_INPUT DATA_
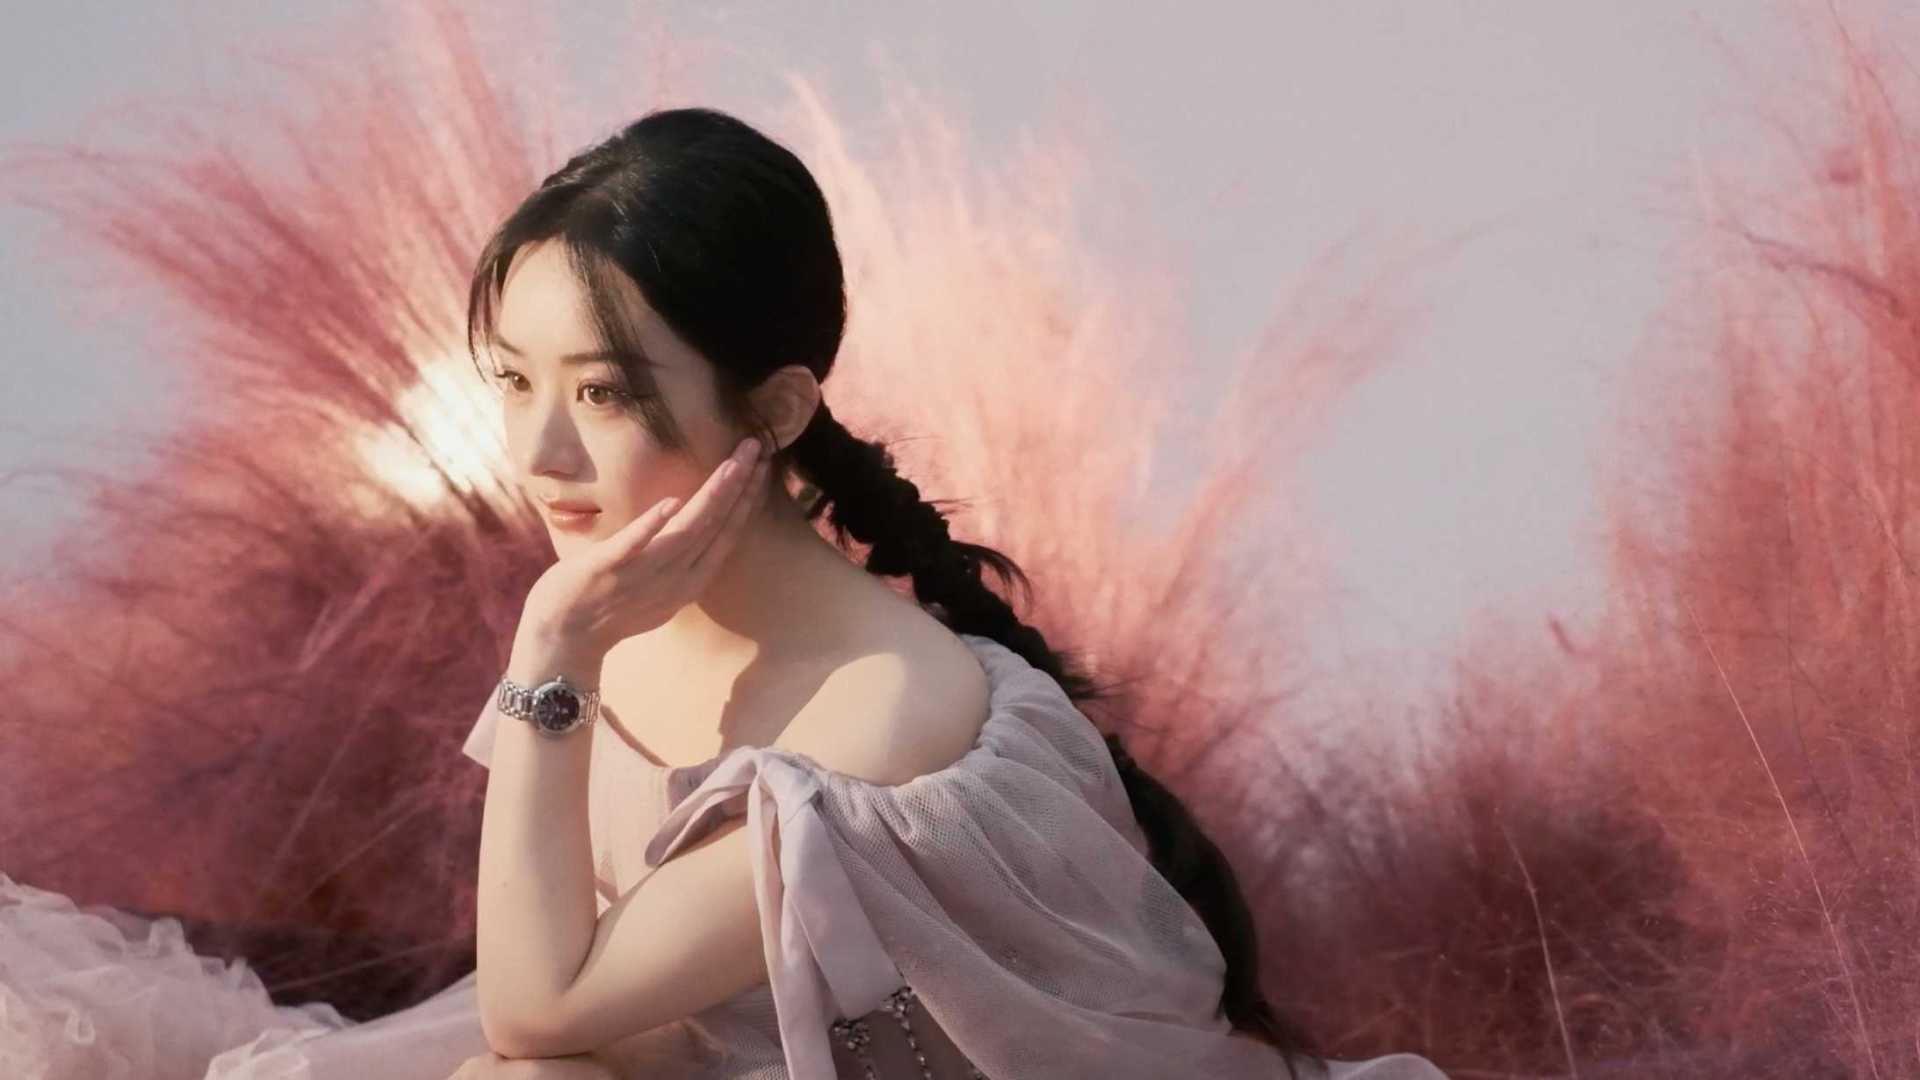 时尚芭莎 X 赵丽颖 四月刊封面视频
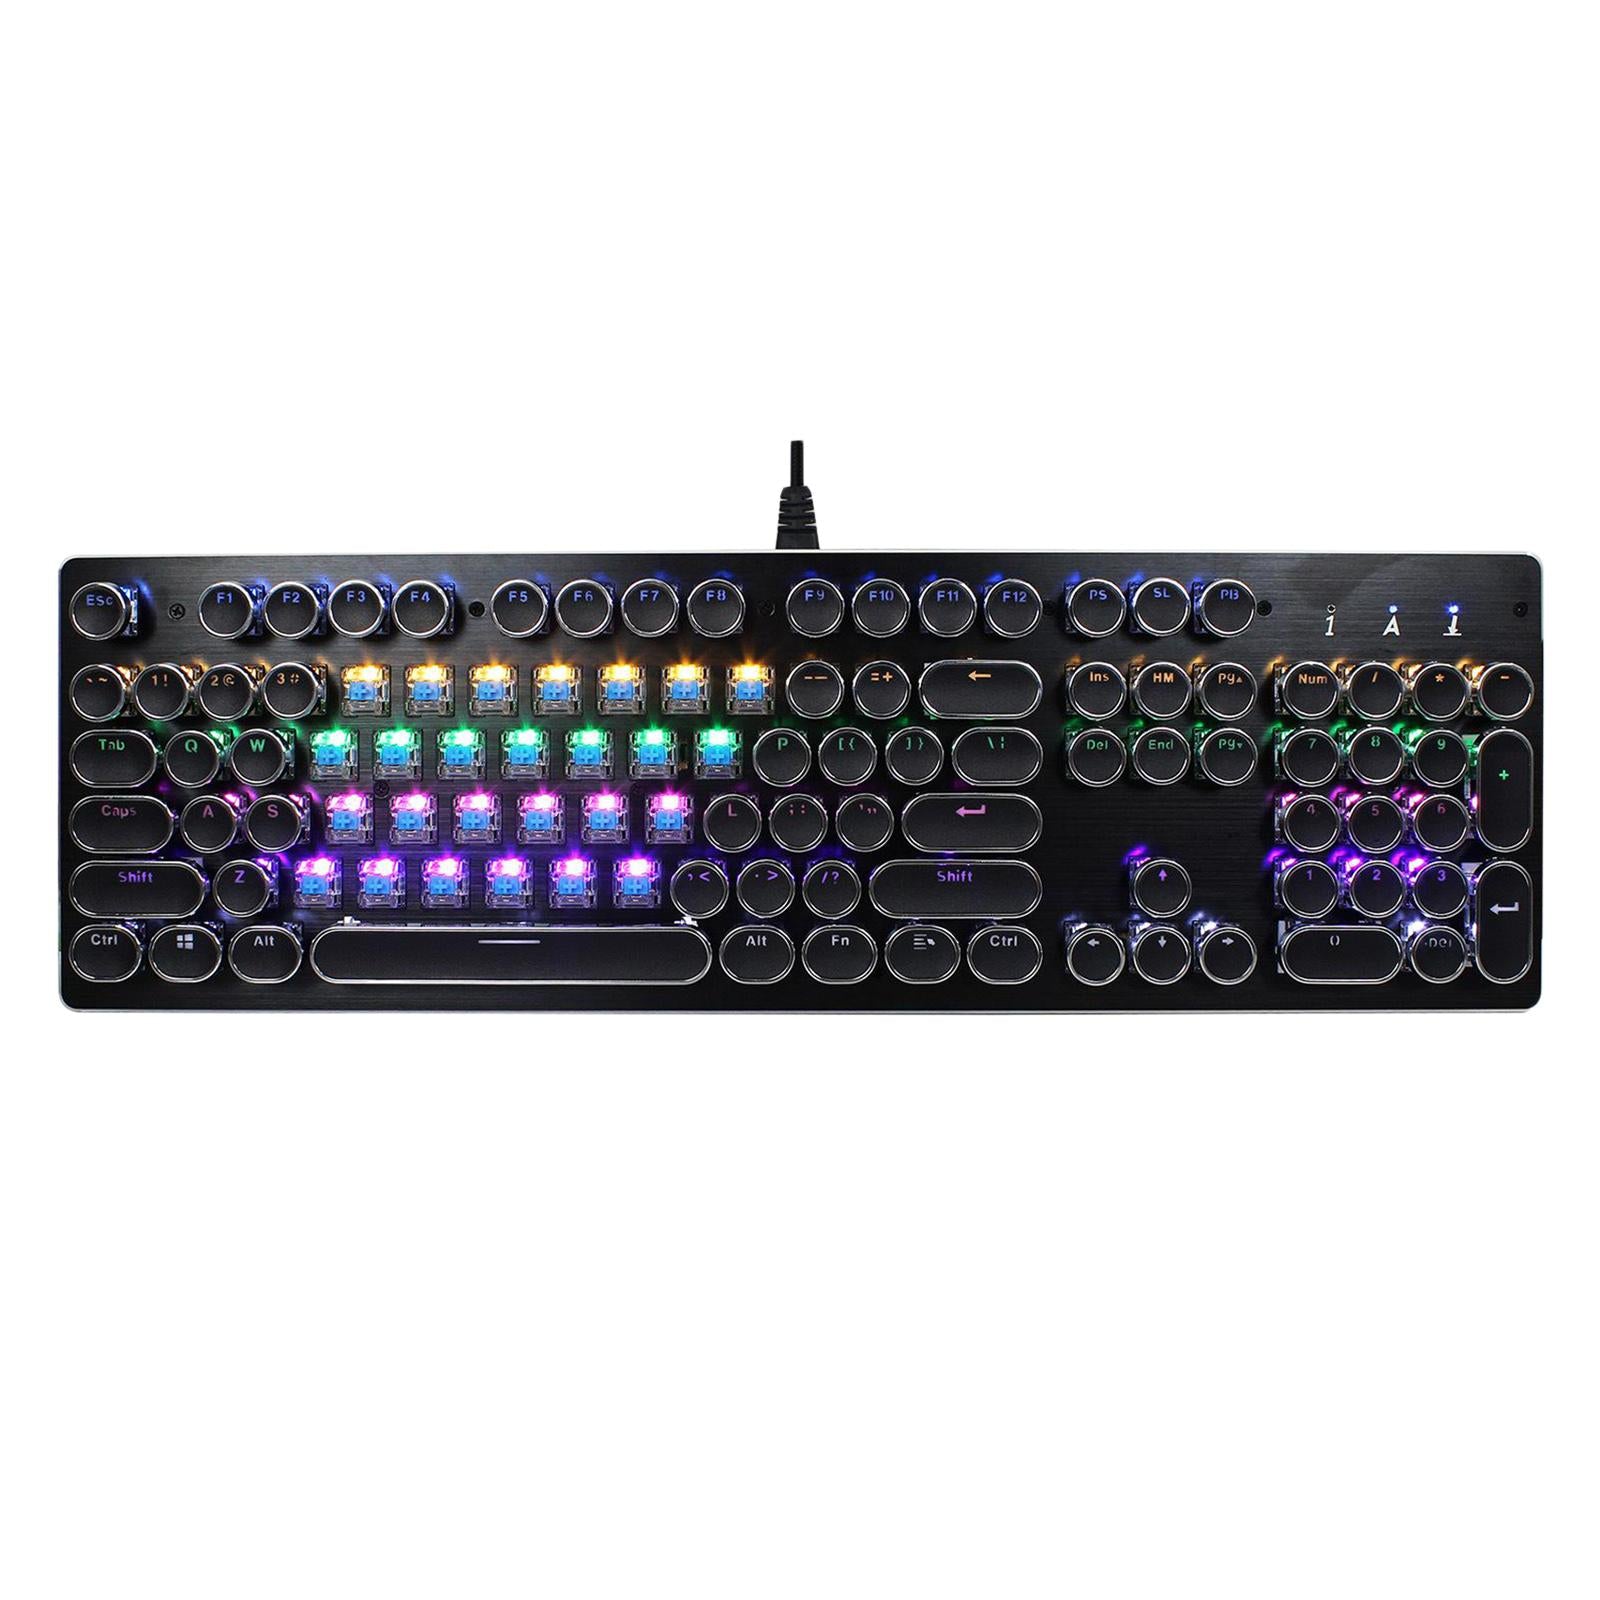 Professional USB Wired Typewriter Gaming Mechanical Keyboard RGB Backlit
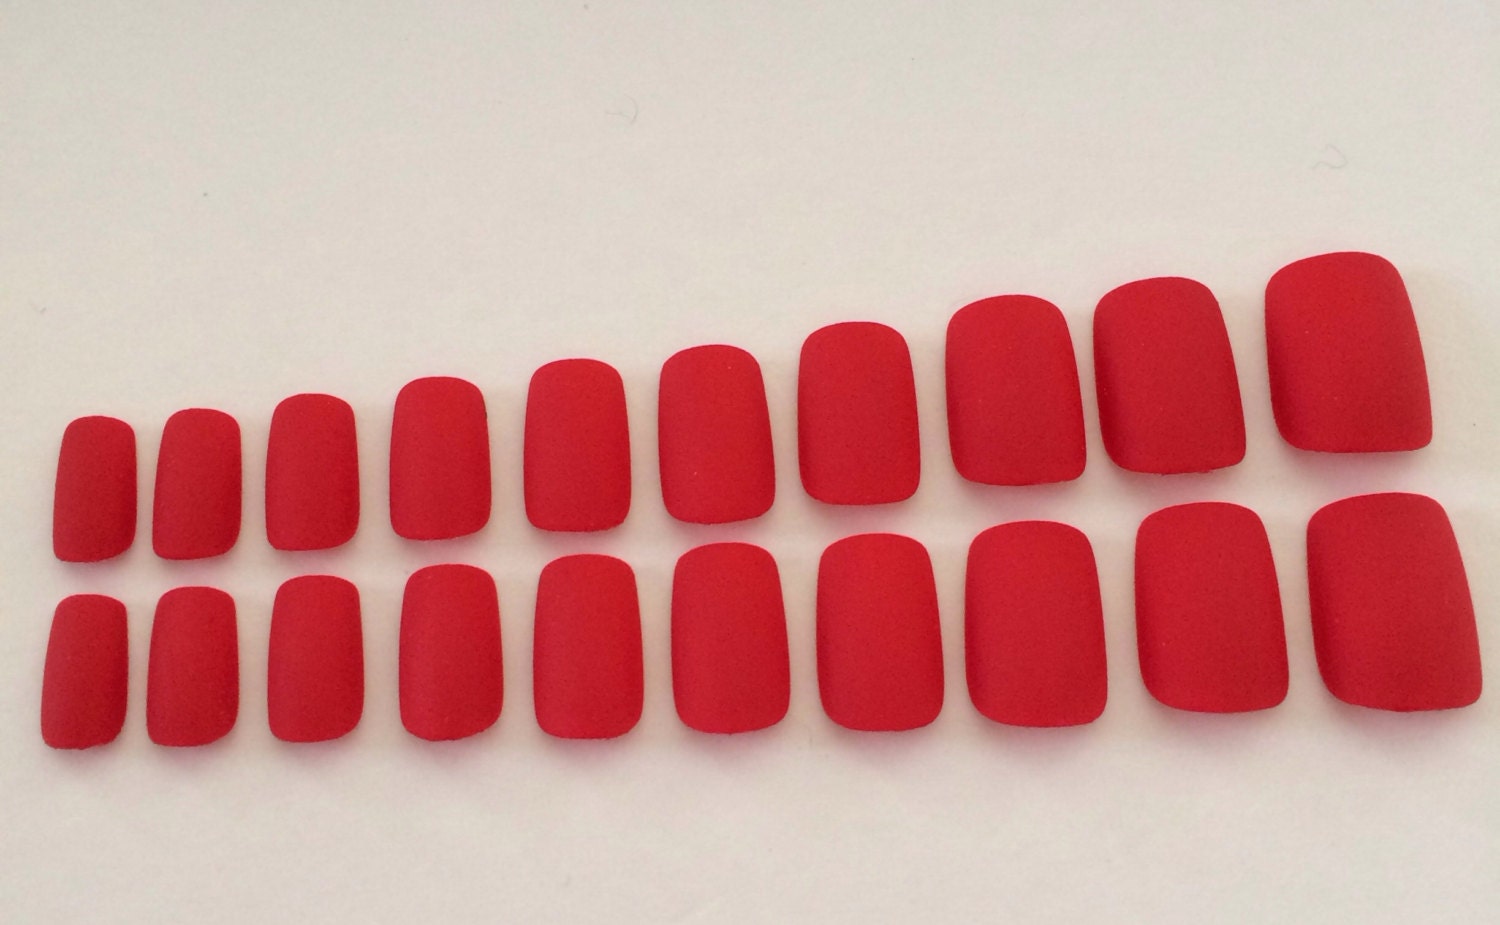 Matte nails red fake nails short square nails | Etsy
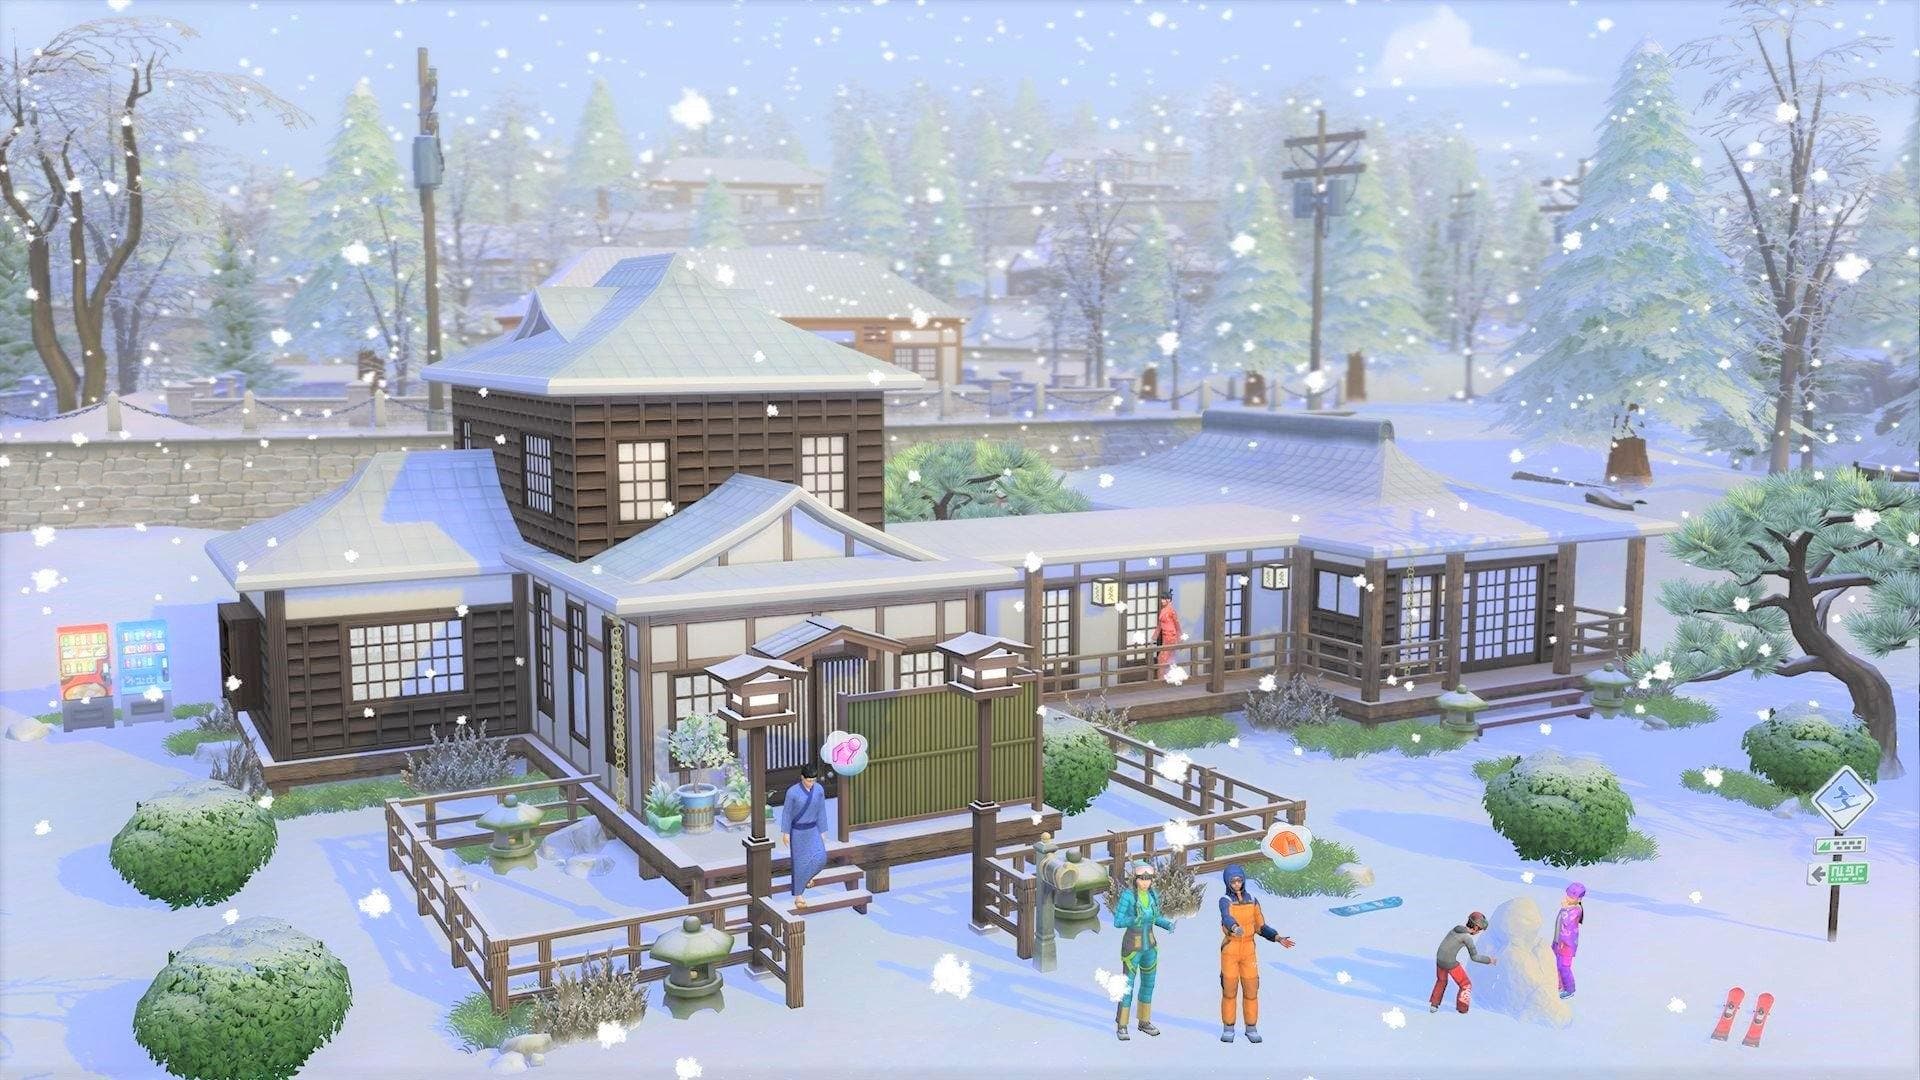 The Sims 4: Snowy Escape - למחשב - EXON - גיימינג ותוכנות - משחקים ותוכנות למחשב ולאקס בוקס!

_THE TASK_
Copy each line of the material above exactly, but not the images.

_TASK RESULT_
 时尚芭莎 X 赵丽颖 四月刊封面视频
 Professional USB Wired Typewriter Gaming Mechanical Keyboard RGB Backlit
 Matte nails red fake nails short square nails | Etsy
 The Sims 4: Snowy Escape - למחשב - EXON - גיימינג ותוכנות - משחקים ותוכנות למחשב ולאקס בוקס!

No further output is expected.